From the records that follow, return exactly the lines beginning at the one that contains "Green Screen Stock" and ending at the one that contains "Mid-20th Century French", pictures left out.

> _TASK INPUT_:
○ ○ ○

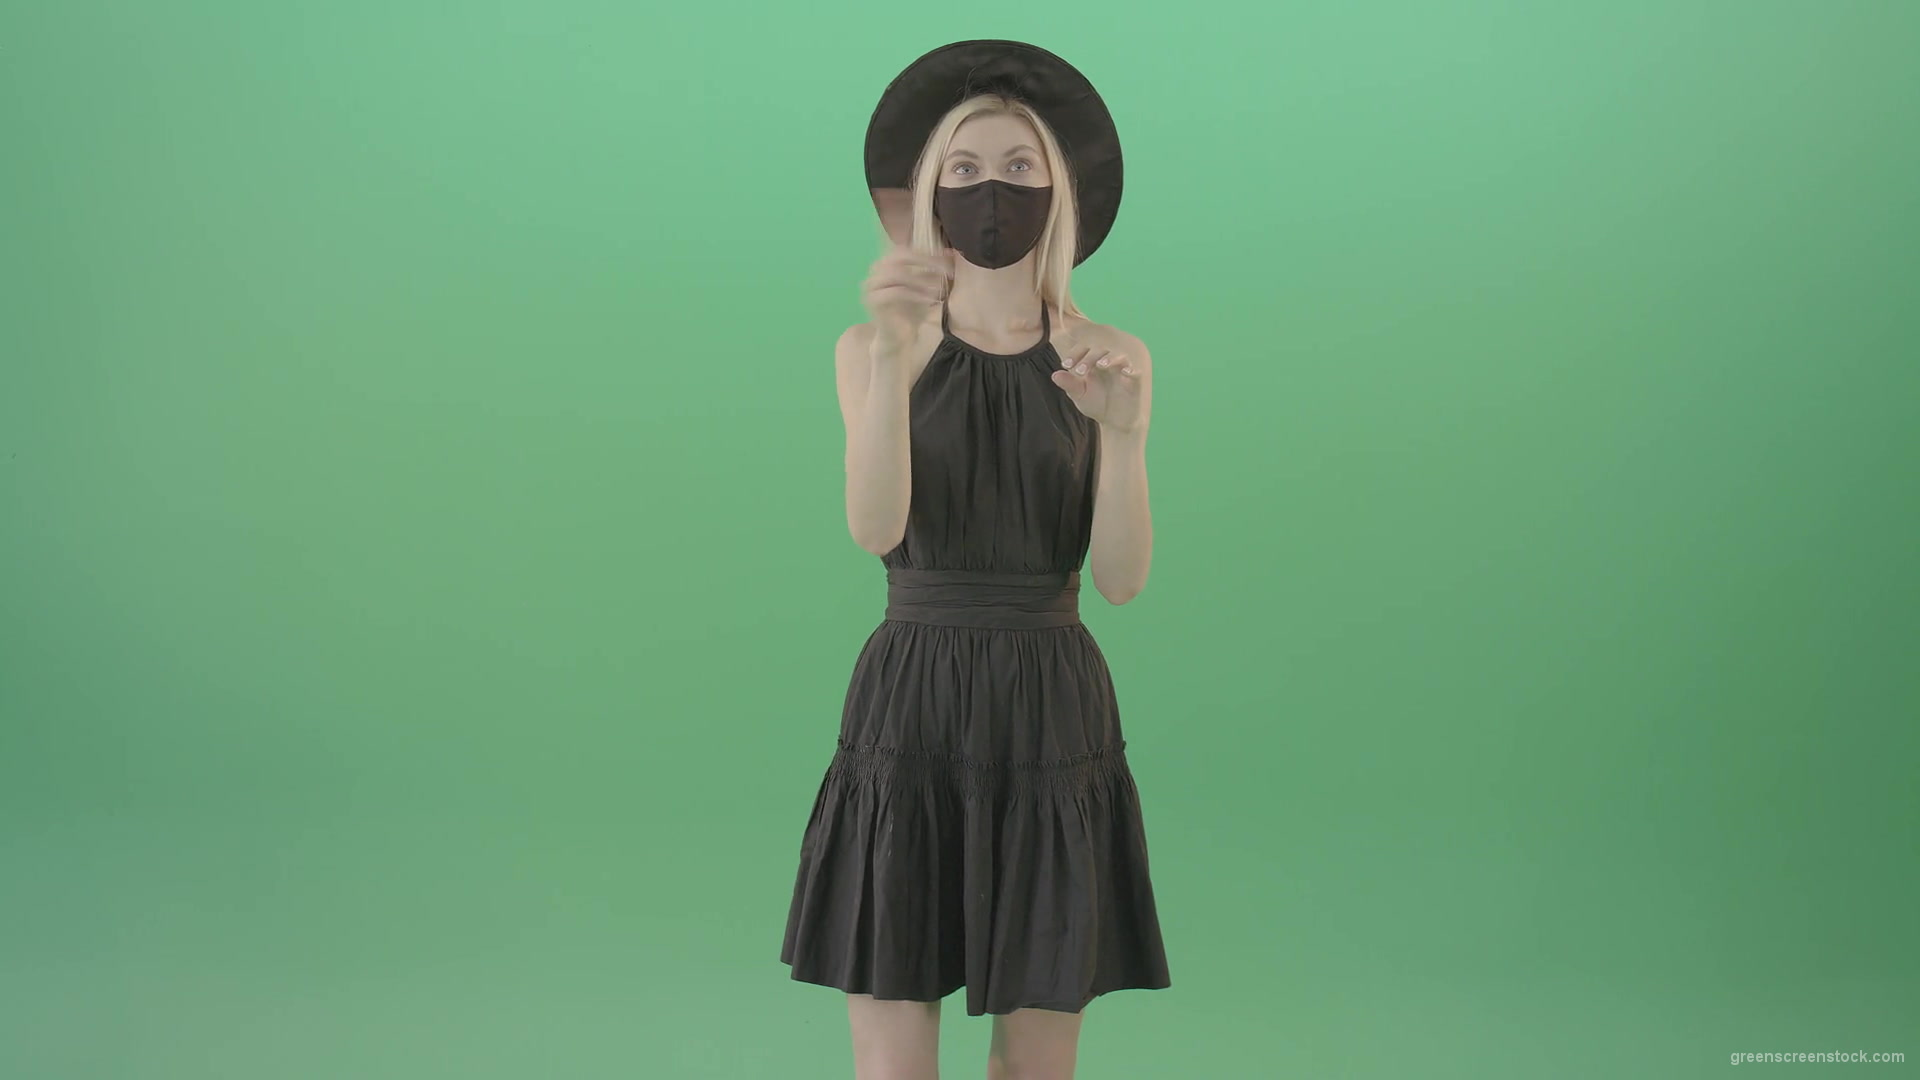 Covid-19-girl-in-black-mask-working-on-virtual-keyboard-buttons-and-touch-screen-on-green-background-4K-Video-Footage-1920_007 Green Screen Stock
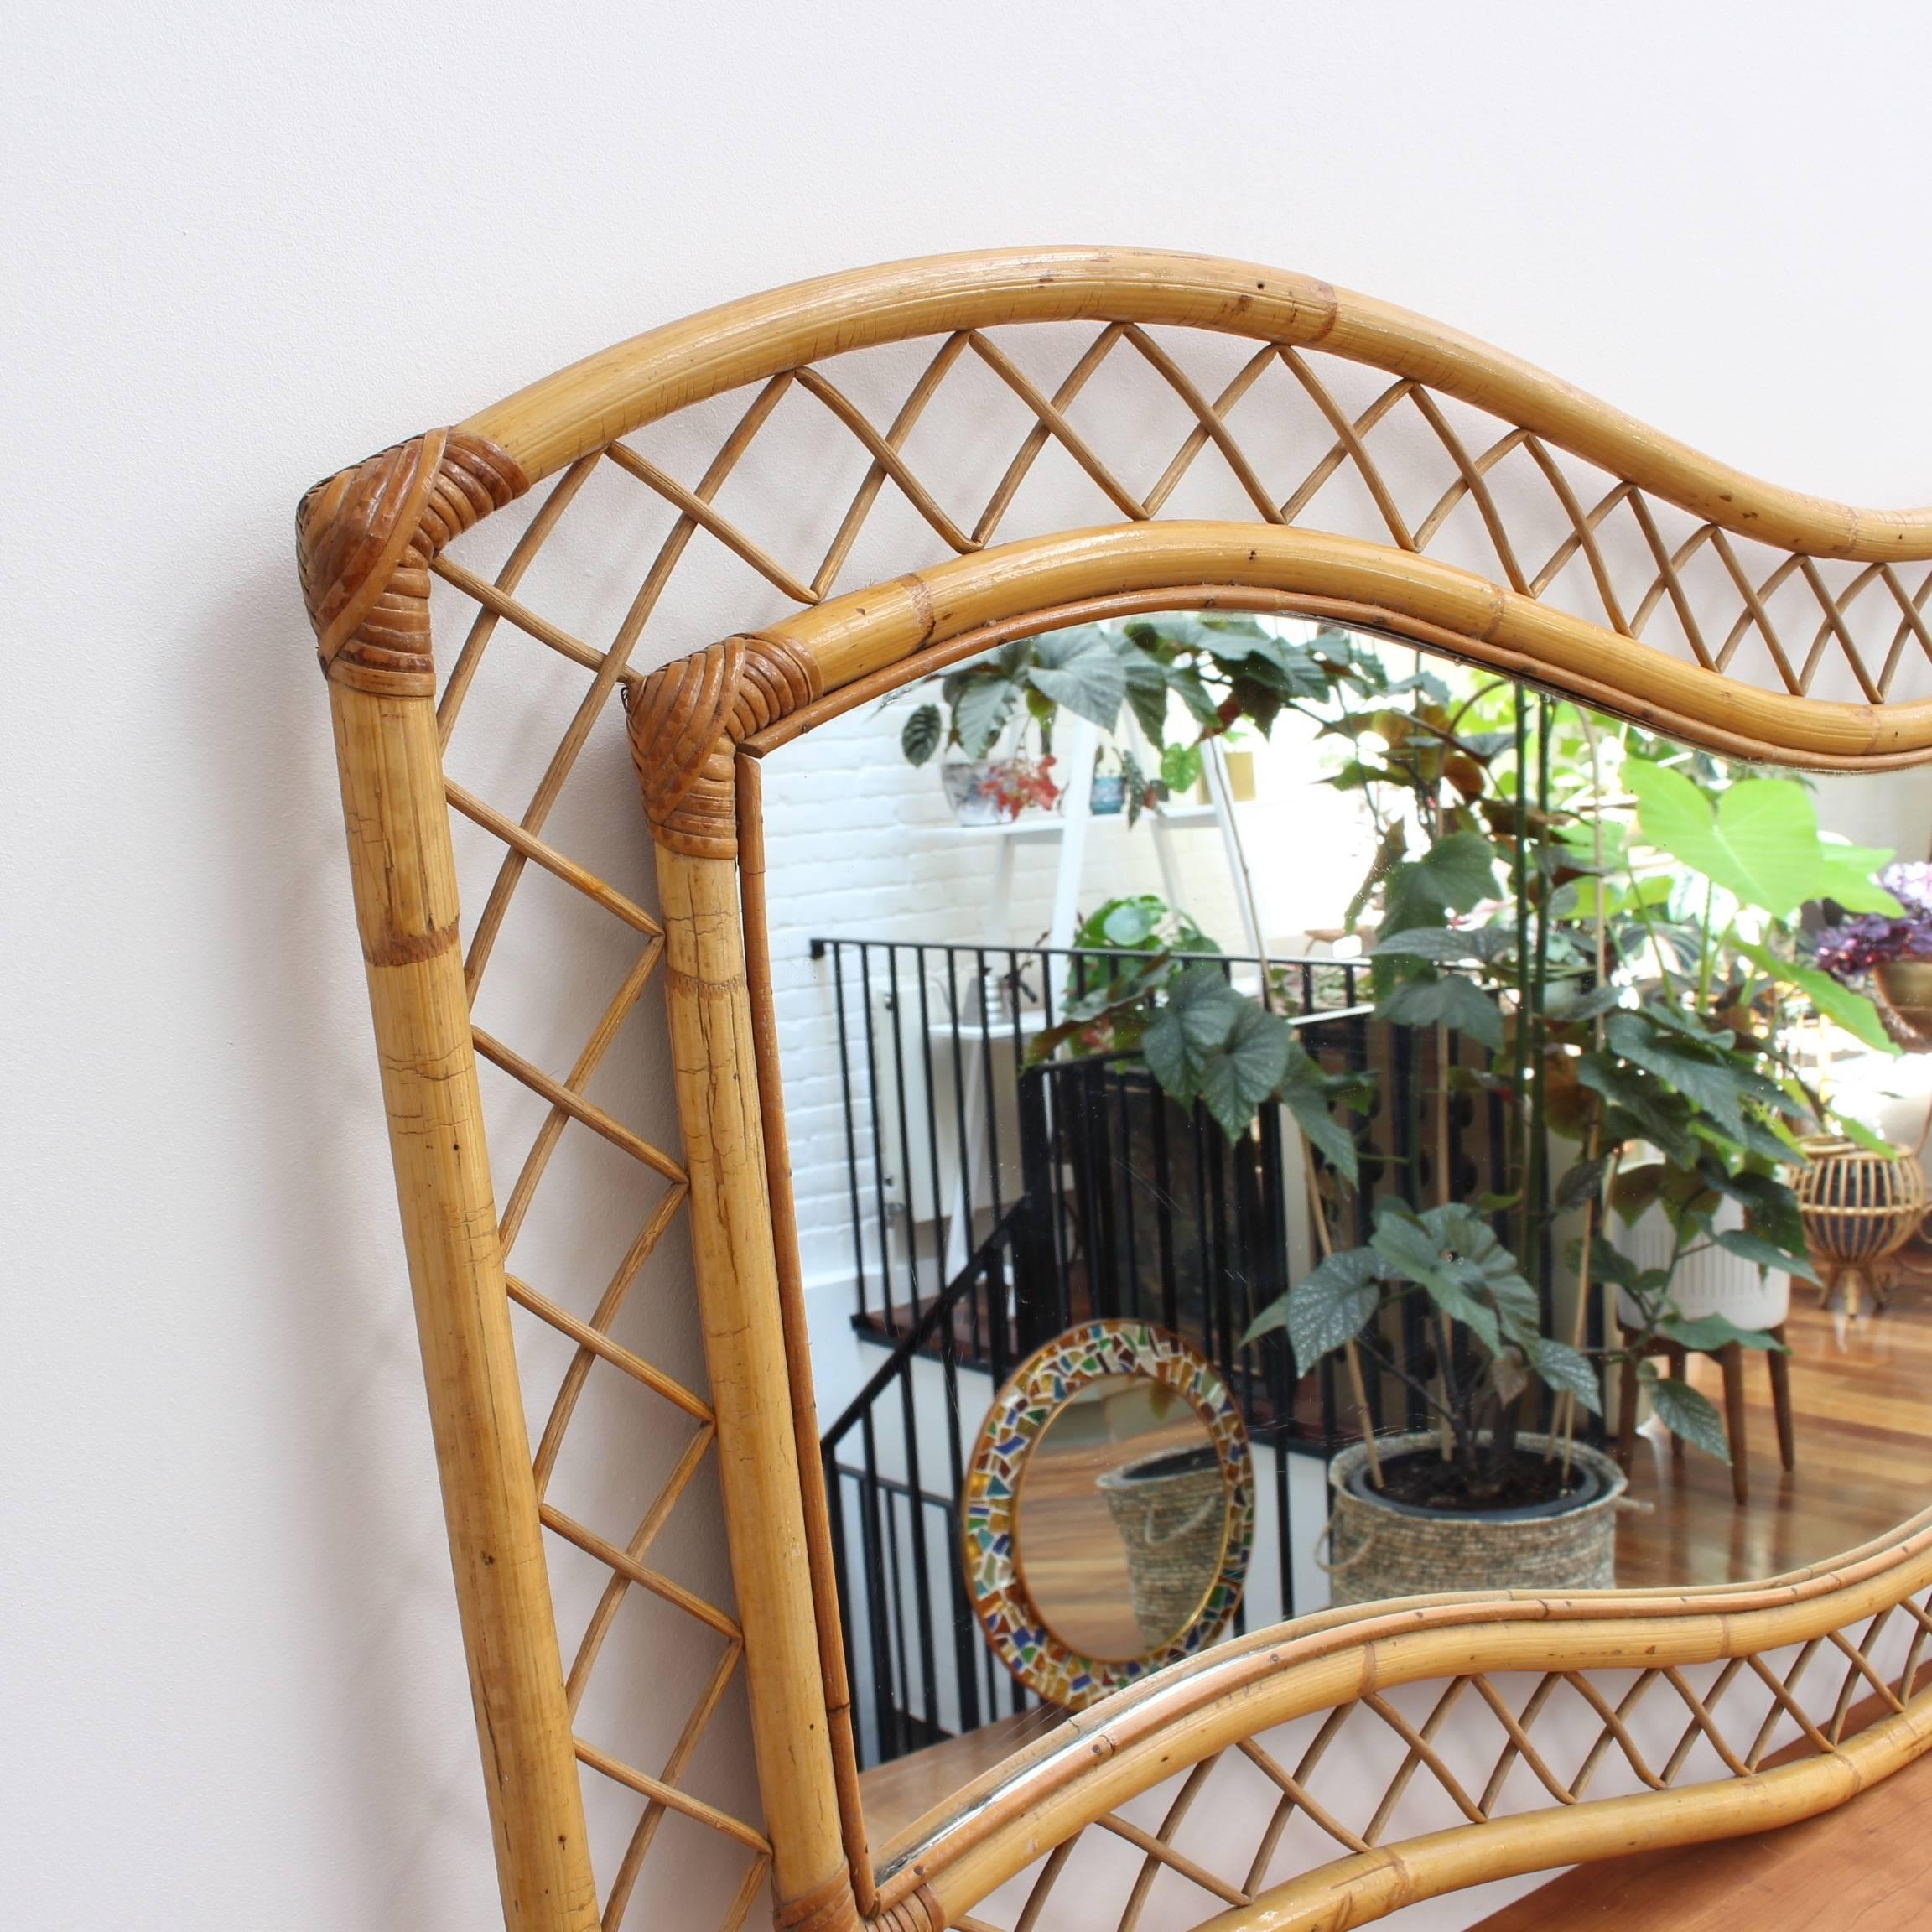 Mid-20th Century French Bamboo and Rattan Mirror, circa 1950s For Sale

○ ○ ○

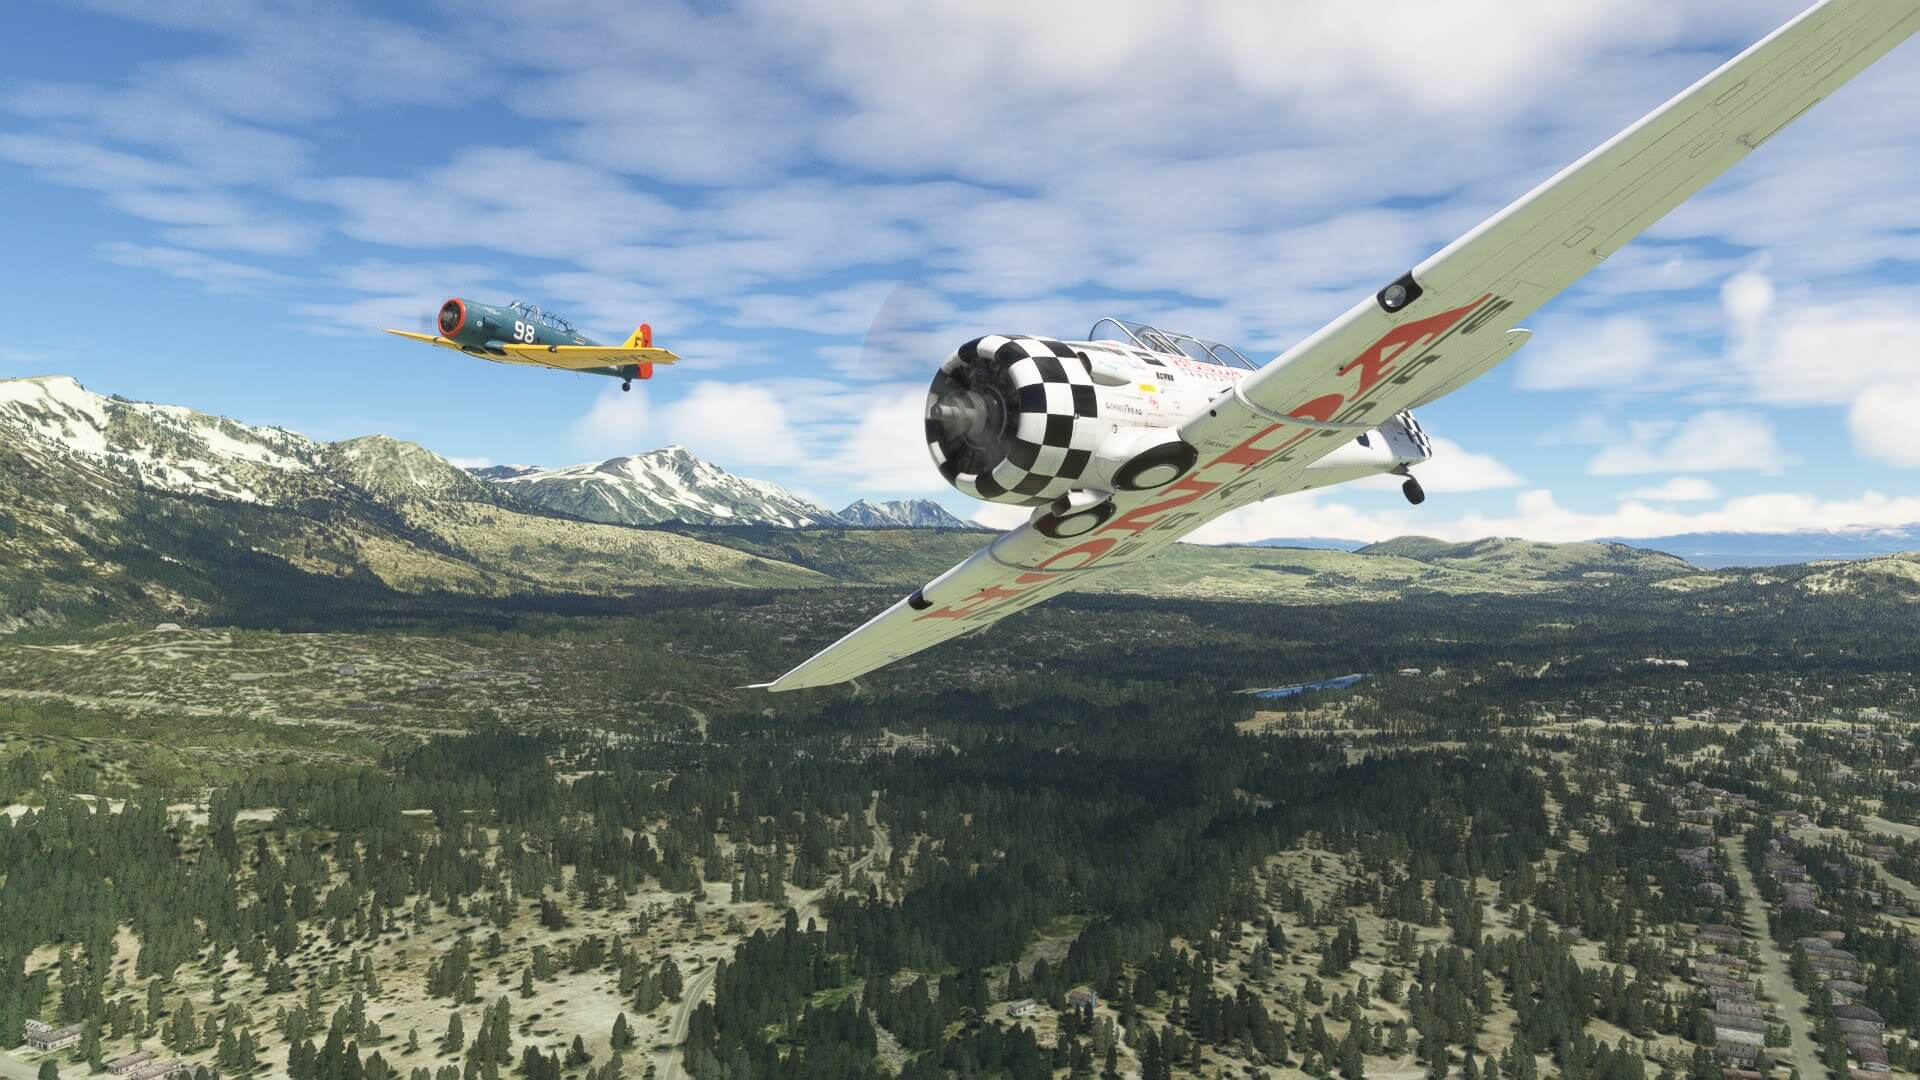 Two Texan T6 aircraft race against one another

○ ○ ○

> _RESULT_:
 Covid-19-girl-in-black-mask-working-on-virtual-keyboard-buttons-and-touch-screen-on-green-background-4K-Video-Footage-1920_007 Green Screen Stock
 Mid-20th Century French Bamboo and Rattan Mirror, circa 1950s For Sale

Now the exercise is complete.